I just hit up the bulk barn and stocked up on a bunch of different spices. Going to mix them up and see what I like.


----------



## SmokinAl (Feb 3, 2017)

I think the majority of us mix our own rubs.

Al


----------



## wade (Feb 3, 2017)

Yes most of us have our own recipes - though there are also some good commercial ones available too.


----------



## matchew (Feb 3, 2017)

I like to make my own but I also use commercial rubs. There are a bunch of good recipes on here and  Google is your friend.

There are a bunch of commercial rubs that I like also.


----------



## browneyesvictim (Feb 3, 2017)

You can't go wrong with SPOG on just about anything and everything. From there, its fielders choice. I just consider that "seasoning" though, and not really a rub. Paprika, and brown sugar are your next go-tos for rubs, and then the spice list seems nearly endless.


----------



## myownidaho (Feb 3, 2017)

Browneyesvictim said:


> You can't go wrong with SPOG on just about anything and everything. From there, its fielders choice. I just consider that "seasoning" though, and not really a rub. Paprika, and brown sugar are your next go-tos for rubs, and then the spice list seems nearly endless.

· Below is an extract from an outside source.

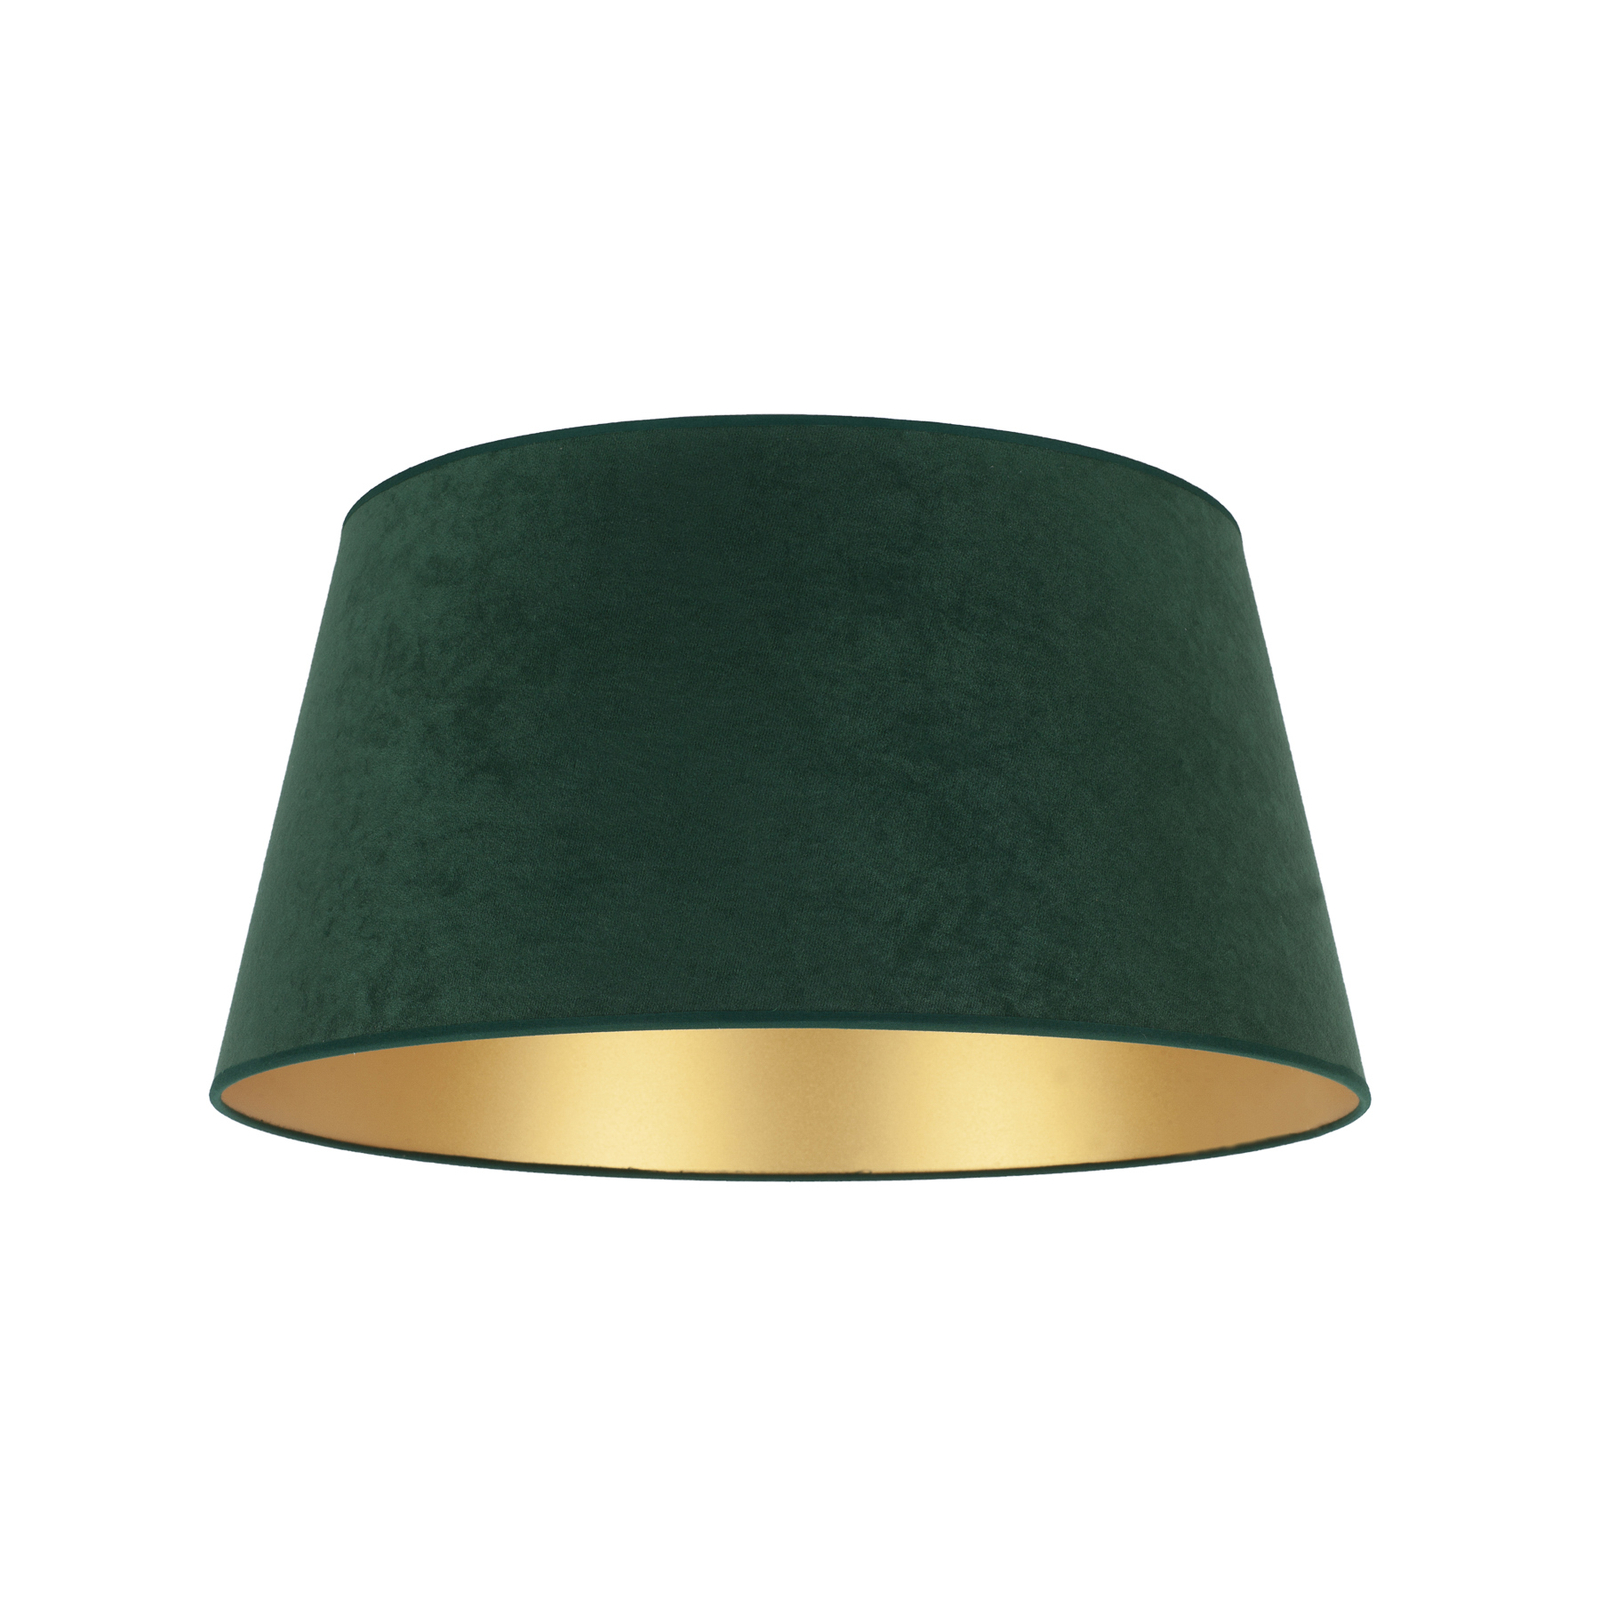 Stínidlo na lampu Cone výška 22,5 cm, zelená/zlatá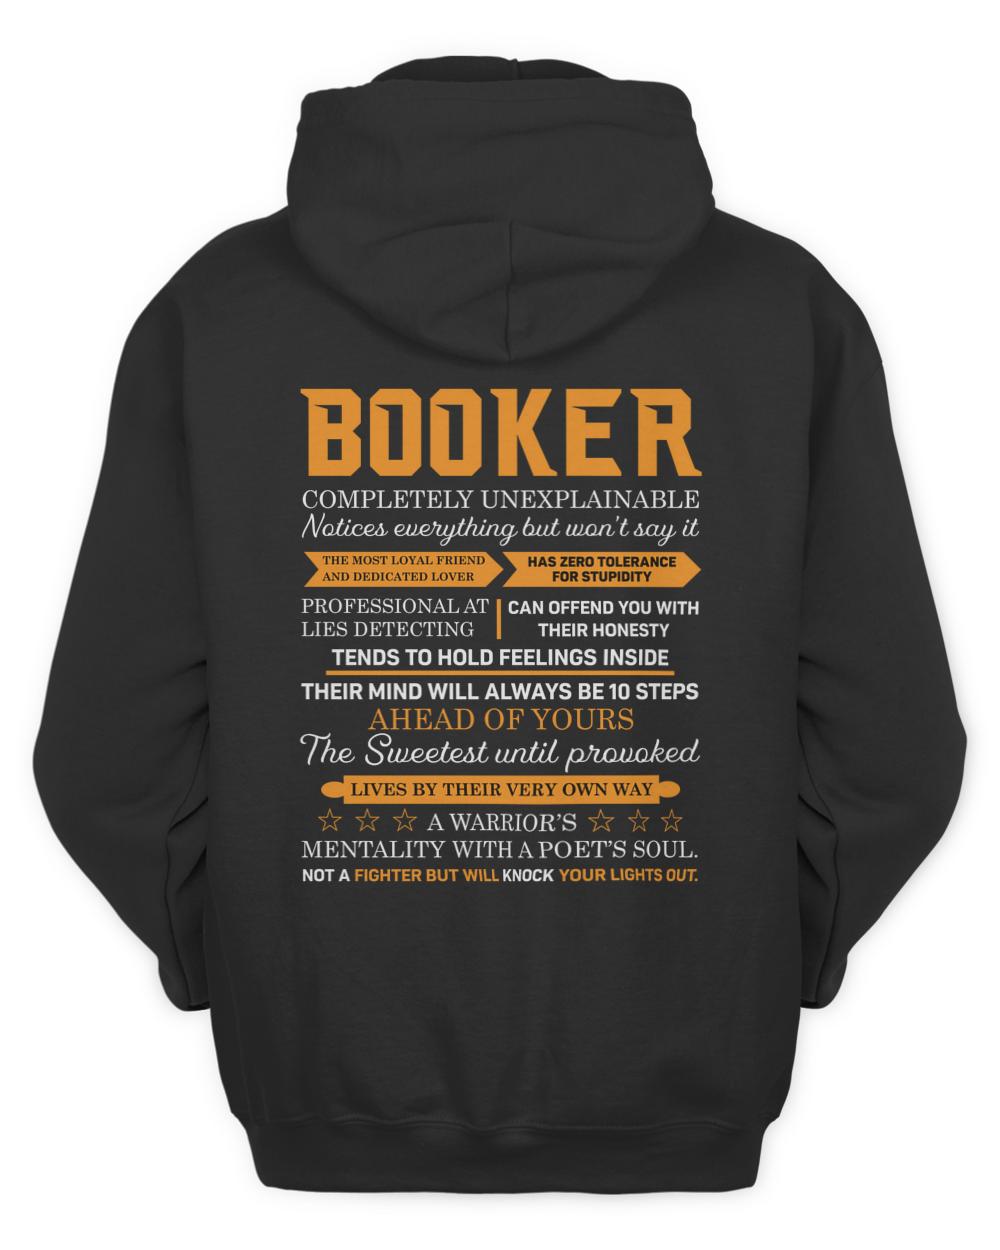 BOOKER-13K-N1-01

Bingo. I usually use my favorite seasoning salt in case of plain salt though.


----------



## jokensmoken (Feb 14, 2017)

Kosher salt, course ground black pepper, brown and granulated sugar (granulated sometimes because it carmalized better than brown), paprika, chili powder, cumin and a hot pepper spice are good staple ingredients for most rubs.  I do leave salt out of most of my "muscle meat" rubs because I pre salt my meat...And usually have an identical batch of the rub I'm using with less red pepper I can add at different stages of the process and not overpower the heat.


----------



## ab canuck (Feb 14, 2017)

There are a ton of good ideas out there, This forum covers near everything. There are the basics SPOG and as the previous have said,

   
	

	
	
		
		



		
			






  . Jeff also has a couple rubs and sauce available that are offered for a small fee which helps to maintain the site as well. They are a good mix with lots of great reviews using it for just about anything out there. Well worth it and worth searching. Just remember that everybody's tastes are a little different... So search experiment and enjoy!!!


----------



## 801driver (Feb 14, 2017)

We mix our own.  It is similar to Jeff's, modified slightly for our taste buds.


----------



## wade (Feb 15, 2017)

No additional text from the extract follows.